How to complete this task —
Copy every line of the data below exactly as given, except for the pictures.

Source data —
Start of Block

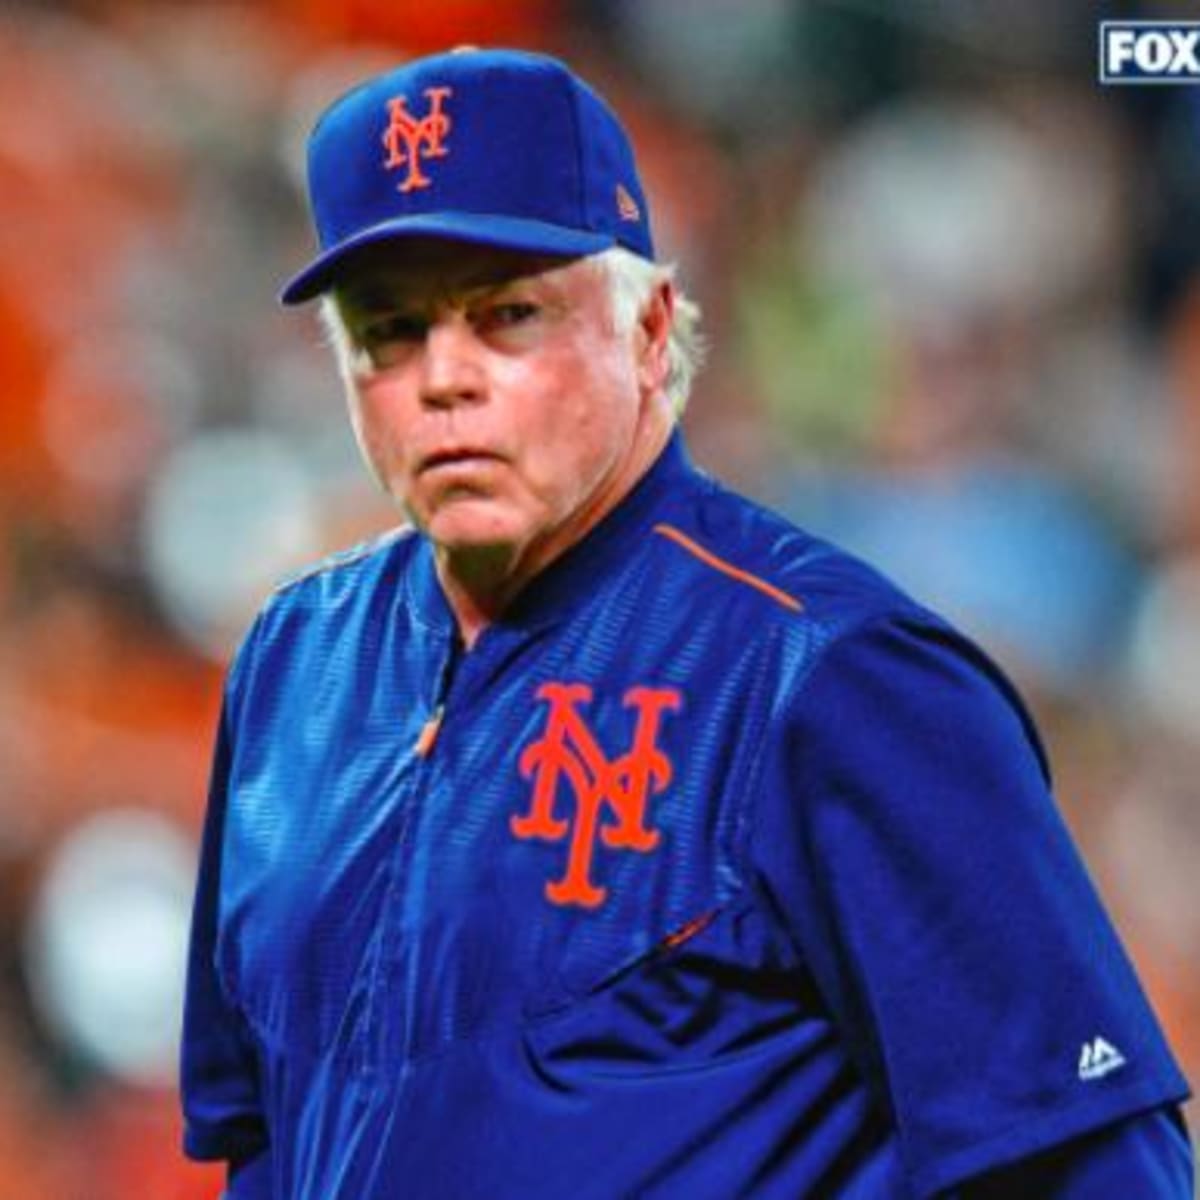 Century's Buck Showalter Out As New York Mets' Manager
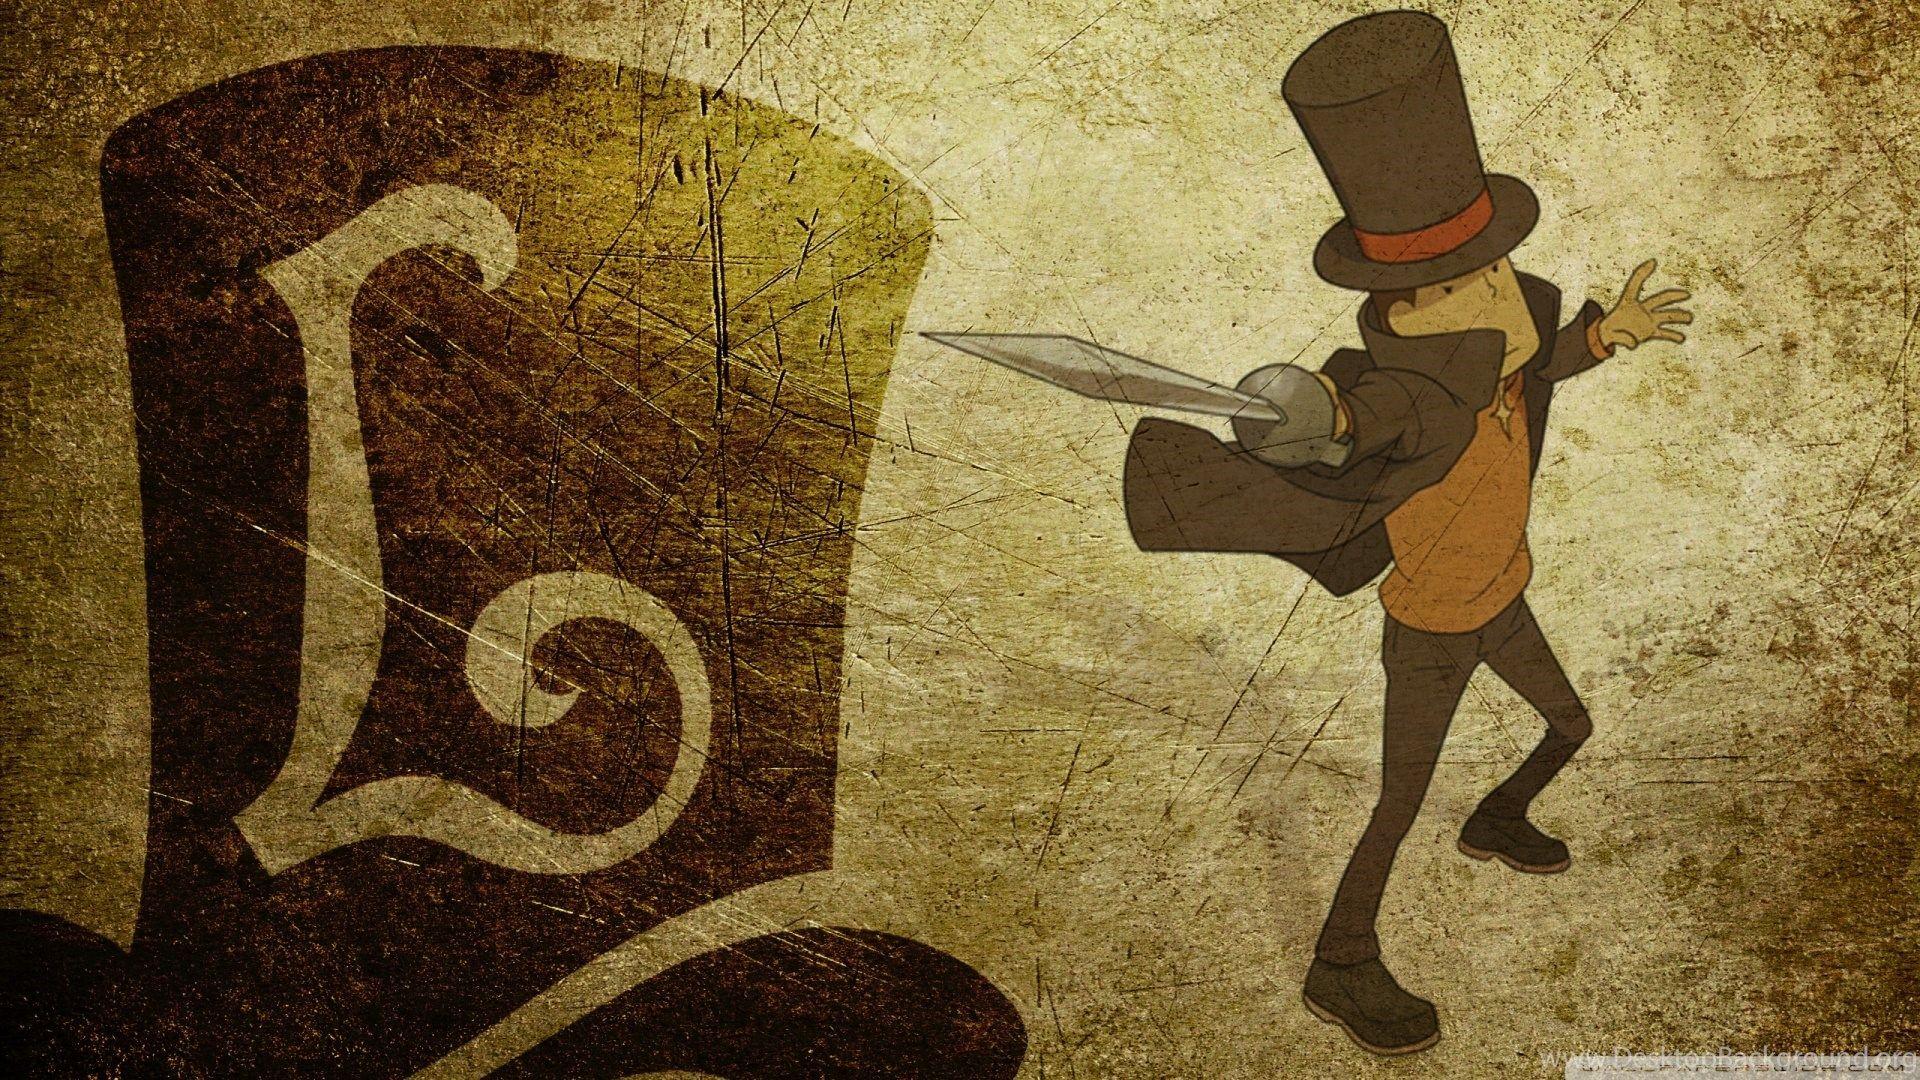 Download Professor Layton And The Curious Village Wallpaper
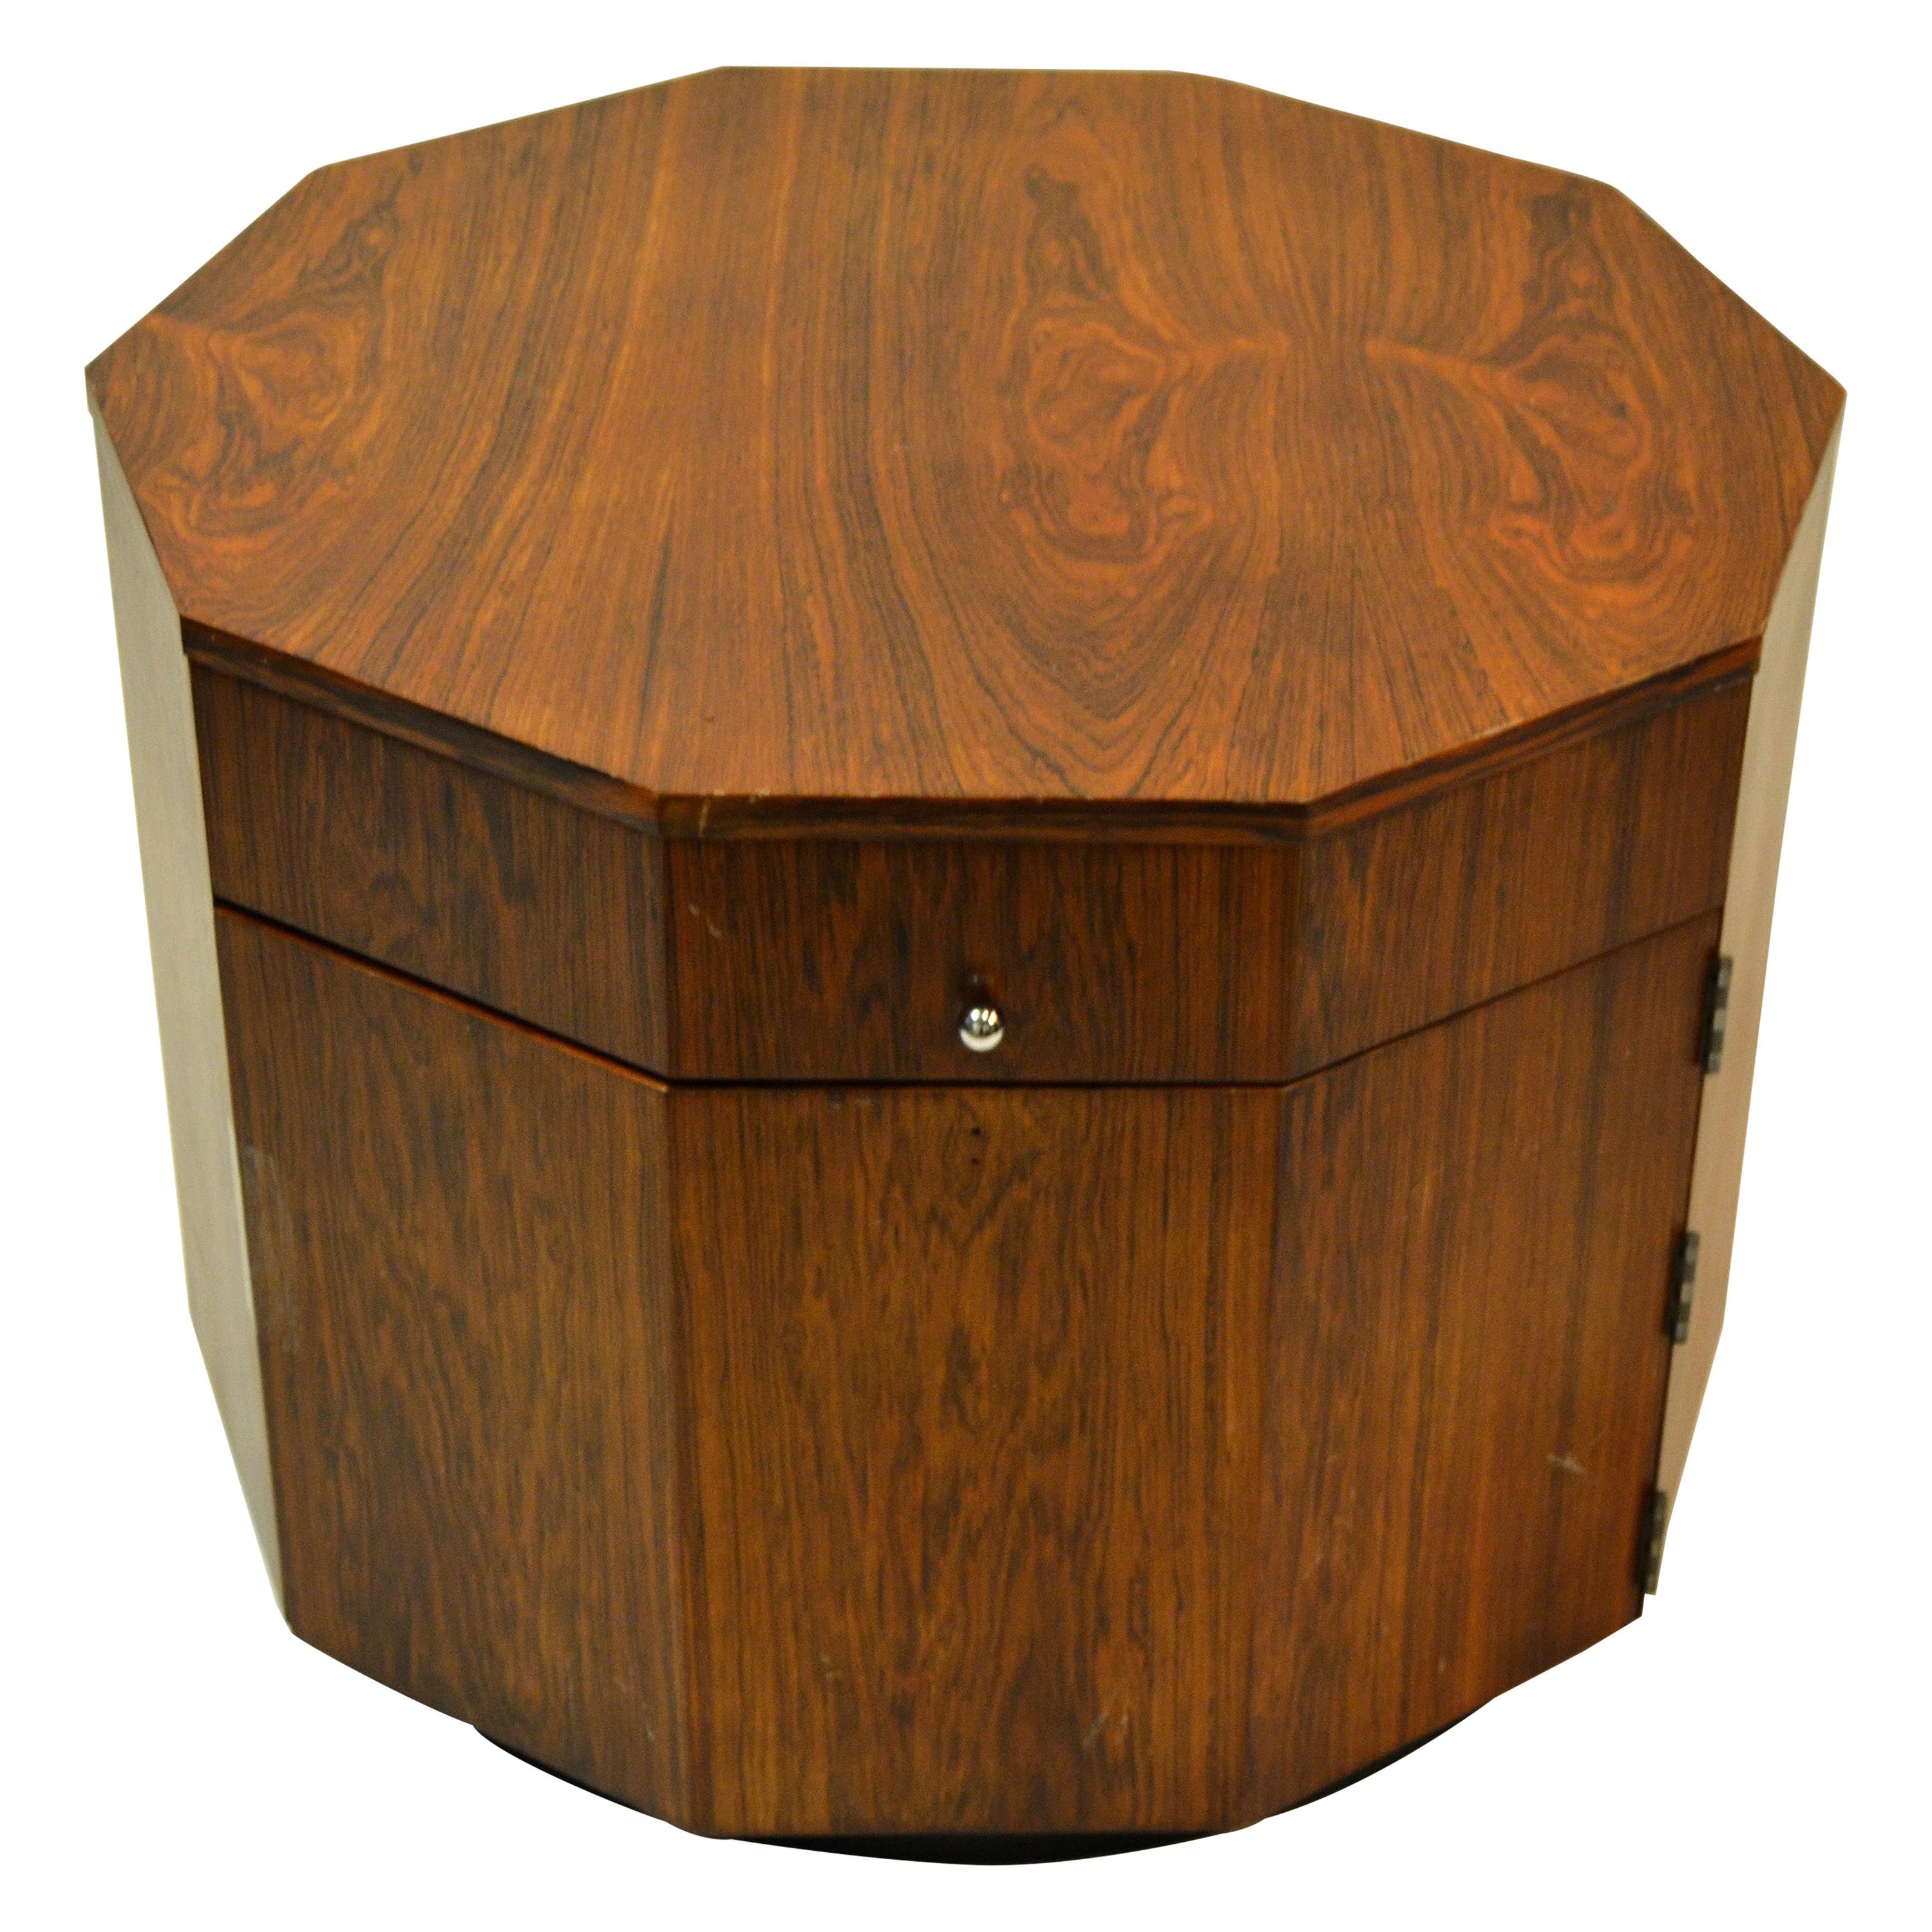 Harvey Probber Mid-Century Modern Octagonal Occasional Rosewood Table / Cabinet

End of Block

Written solution —
 Century's Buck Showalter Out As New York Mets' Manager
 Download Professor Layton And The Curious Village Wallpaper
 Harvey Probber Mid-Century Modern Octagonal Occasional Rosewood Table / Cabinet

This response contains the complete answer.